=== Exercise description ===
Below are entries with pictures among them; reproduce exactly, and only, the lines from the one containing "Em vez de usar" down to the one containing "Esteban Acoustic Electric", without the pictures.

=== The data ===
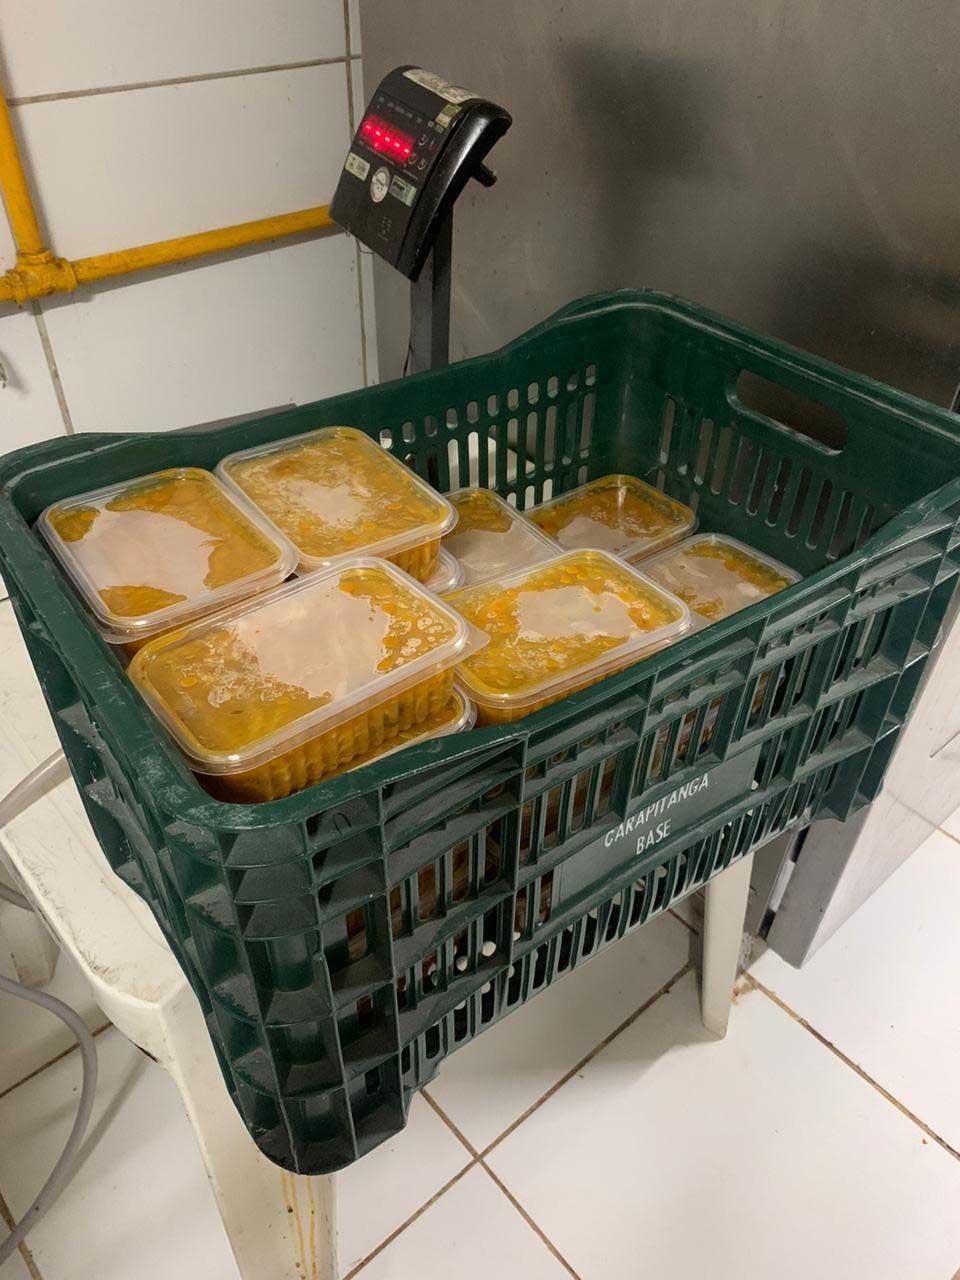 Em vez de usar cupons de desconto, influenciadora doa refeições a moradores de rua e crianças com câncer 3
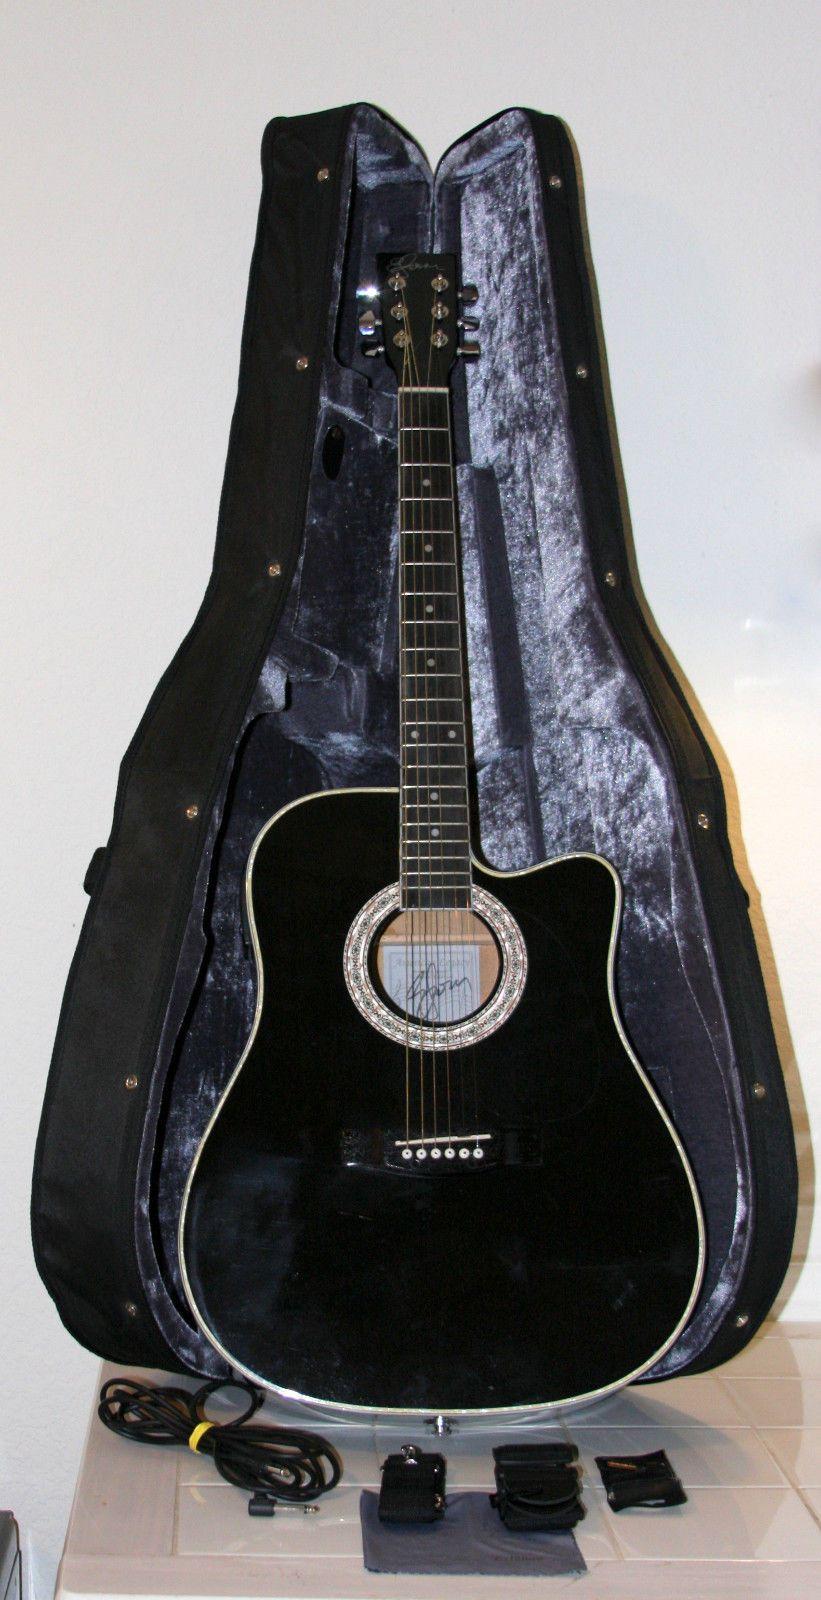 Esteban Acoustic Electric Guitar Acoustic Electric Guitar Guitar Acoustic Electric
...
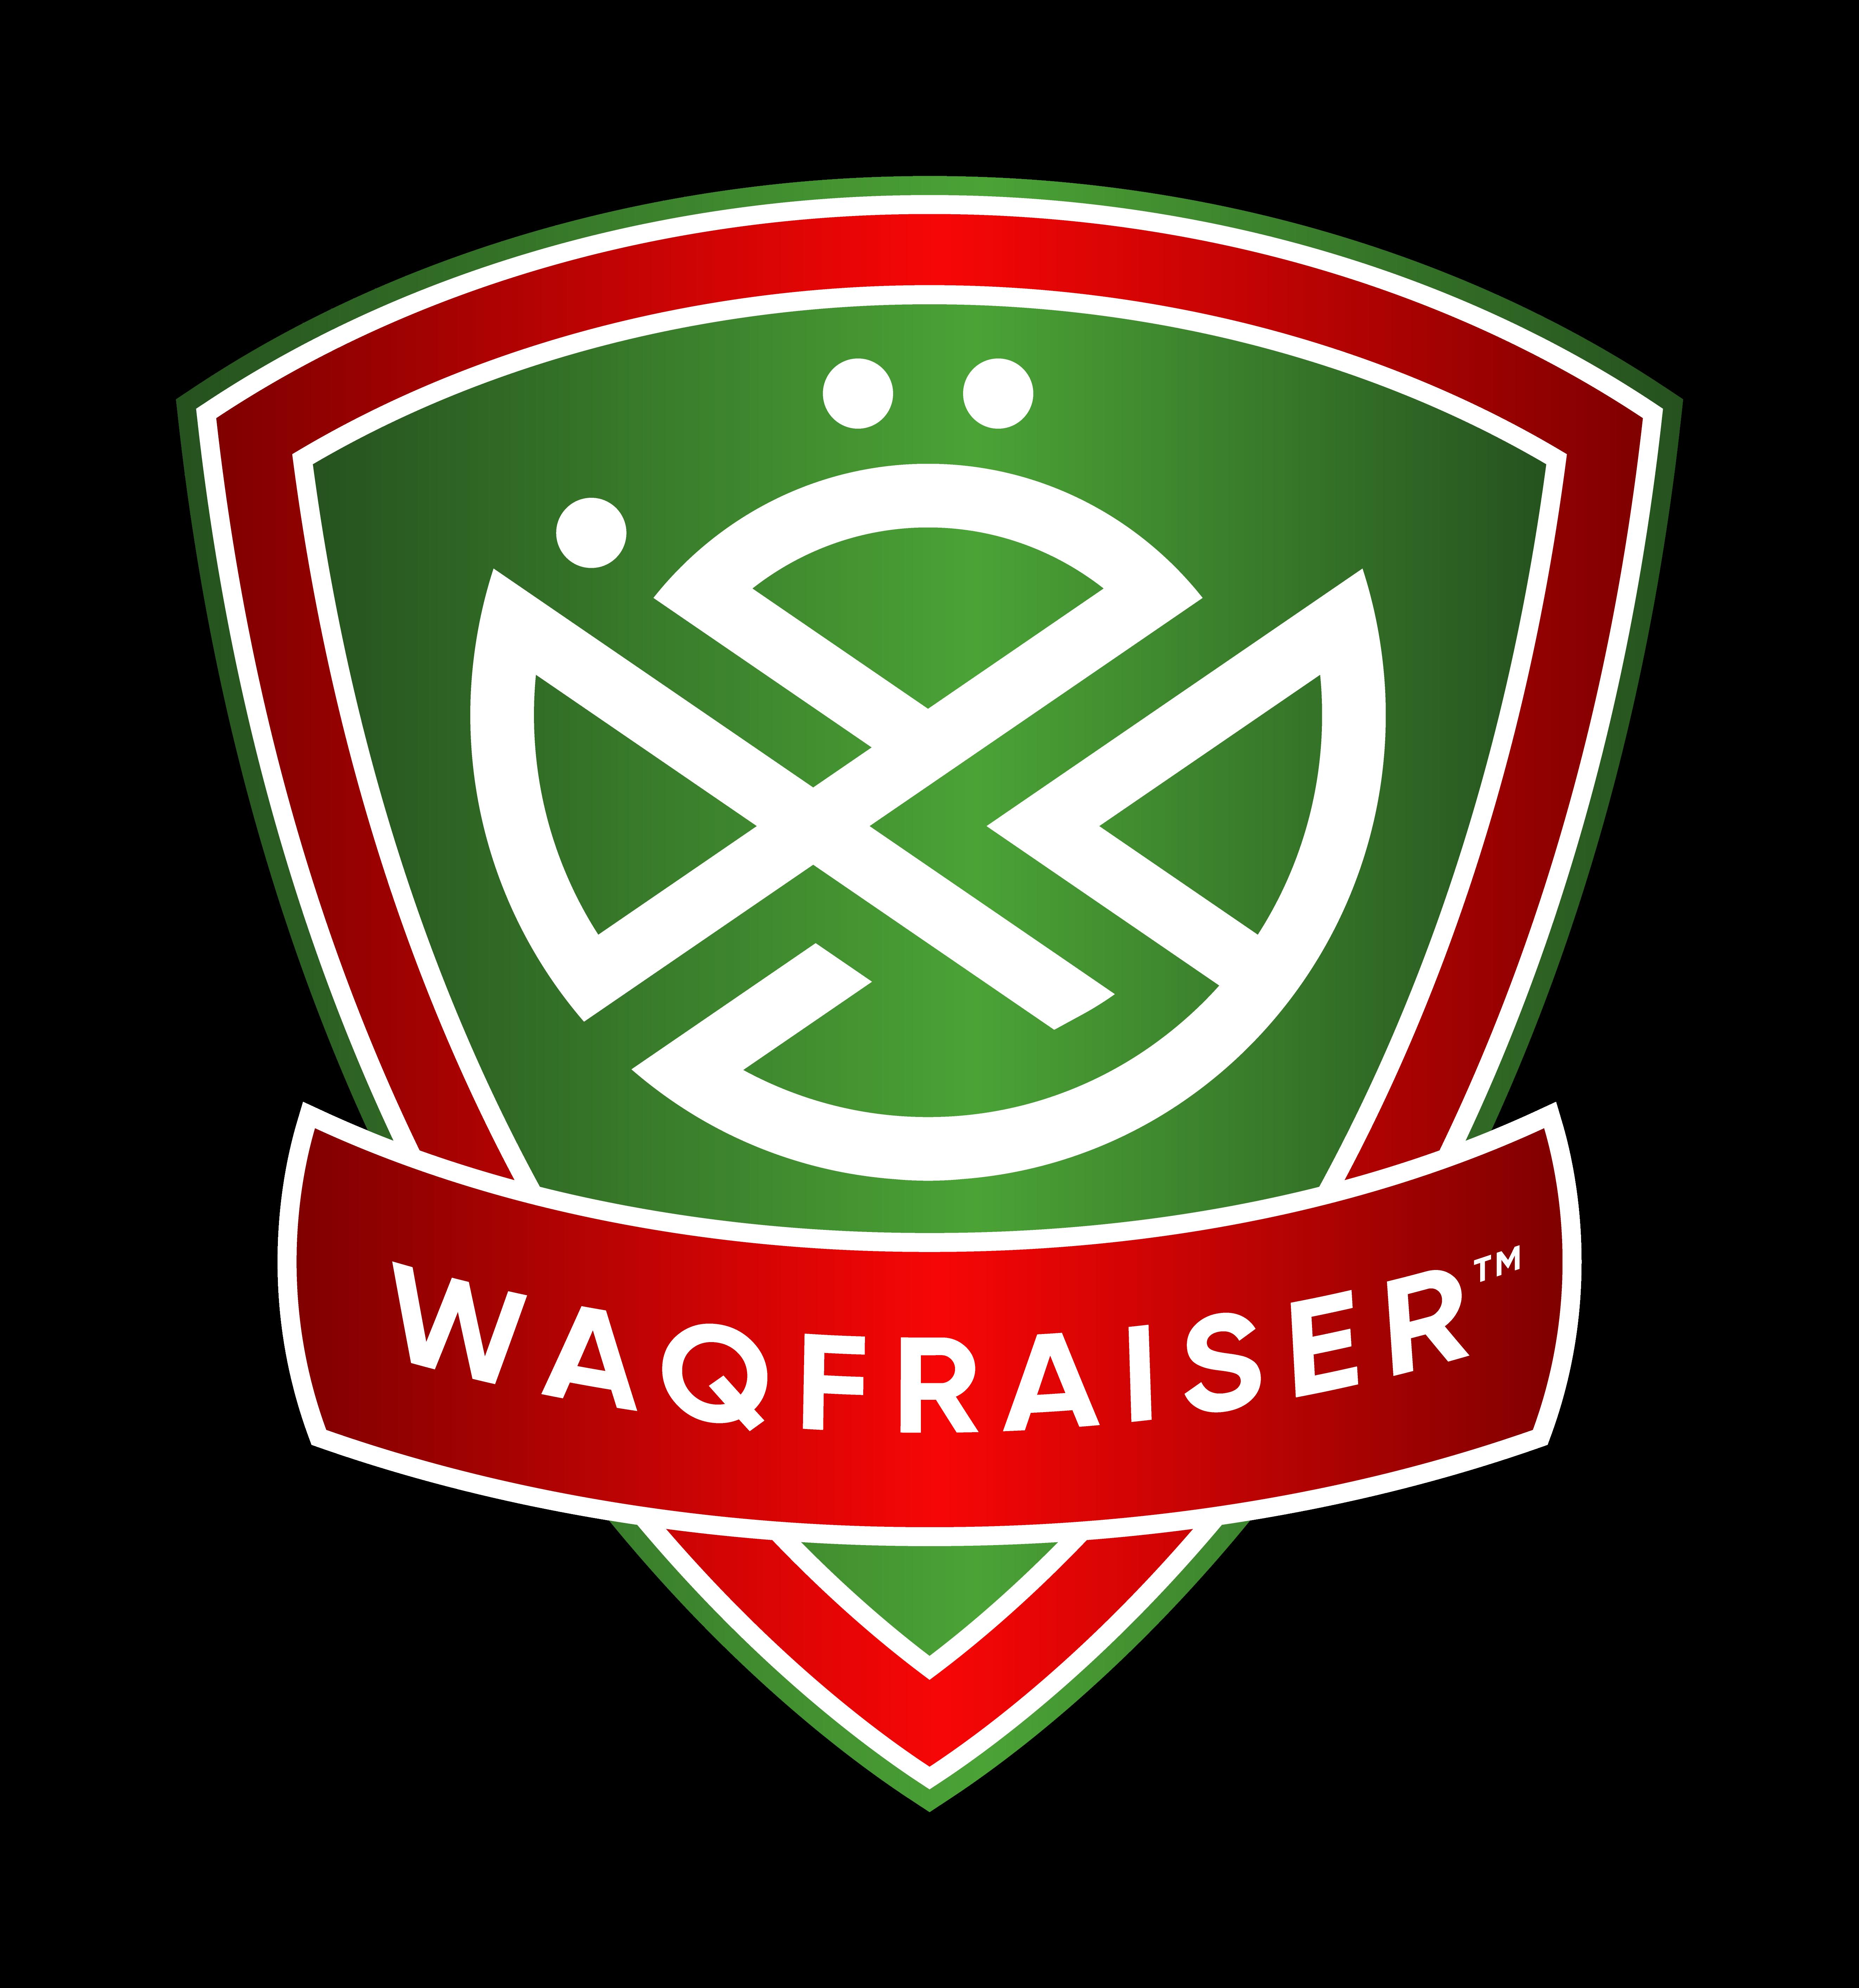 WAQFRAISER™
...
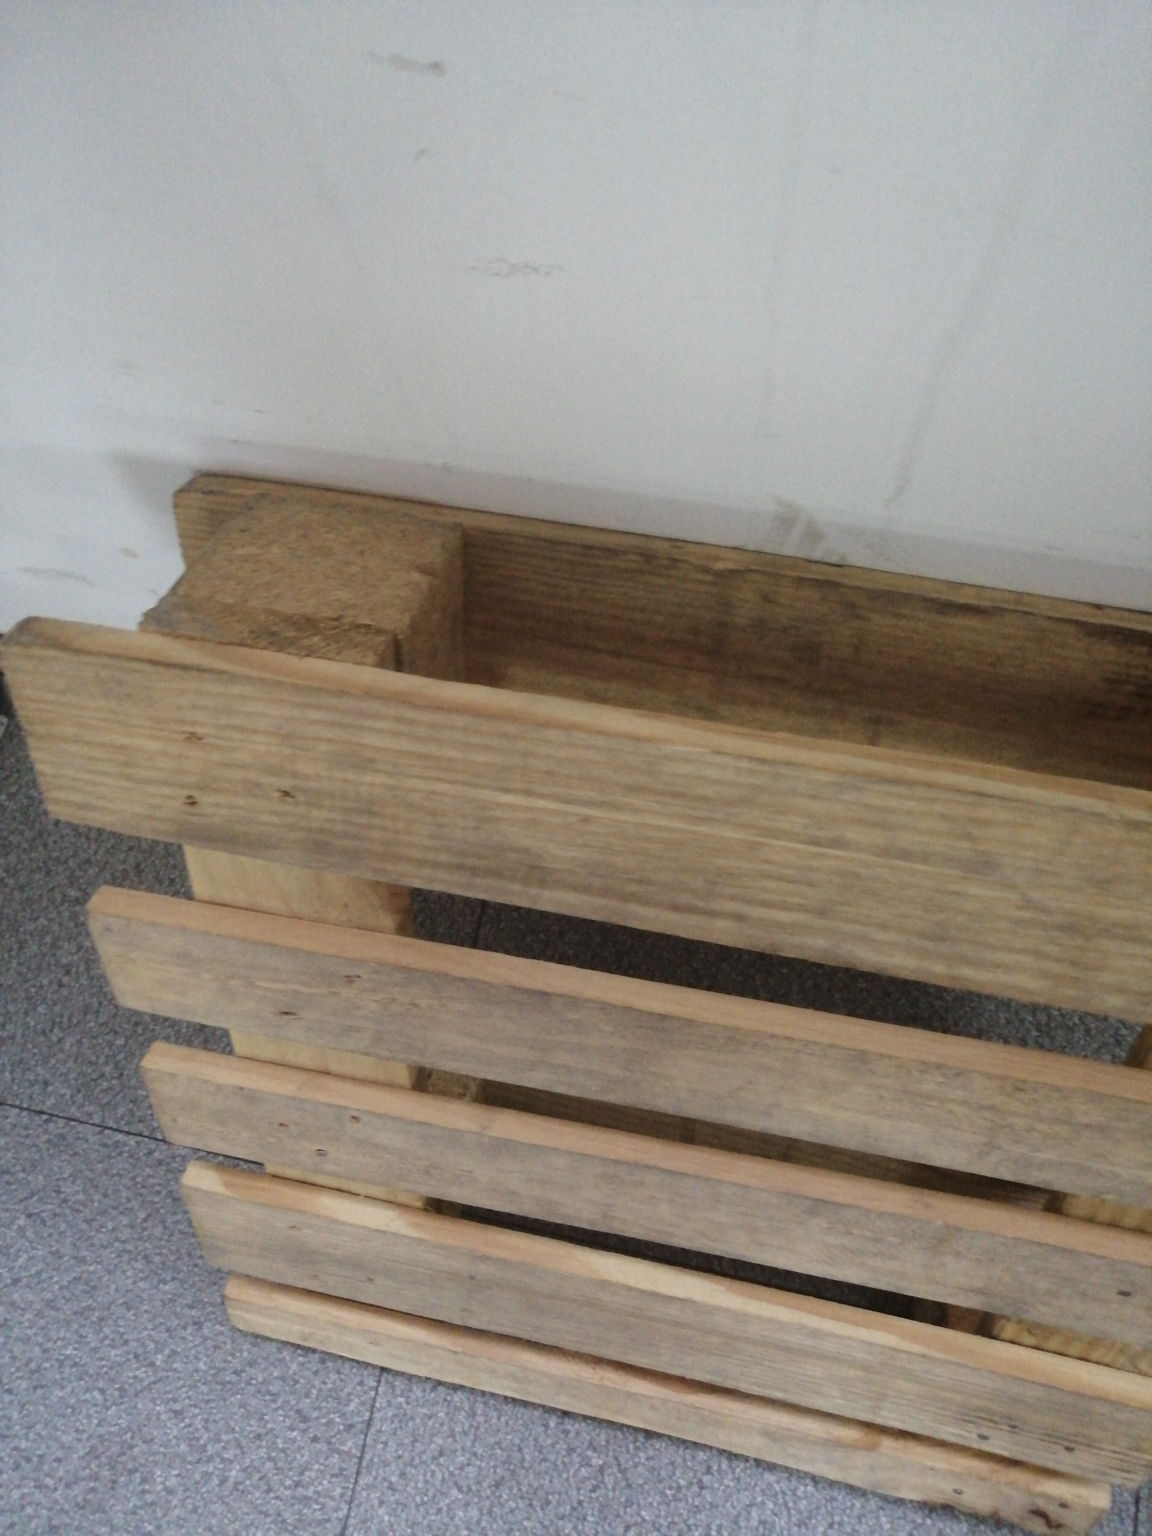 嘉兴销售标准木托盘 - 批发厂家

=== Solution to this problem ===
 Em vez de usar cupons de desconto, influenciadora doa refeições a moradores de rua e crianças com câncer 3
 Esteban Acoustic Electric Guitar Acoustic Electric Guitar Guitar Acoustic Electric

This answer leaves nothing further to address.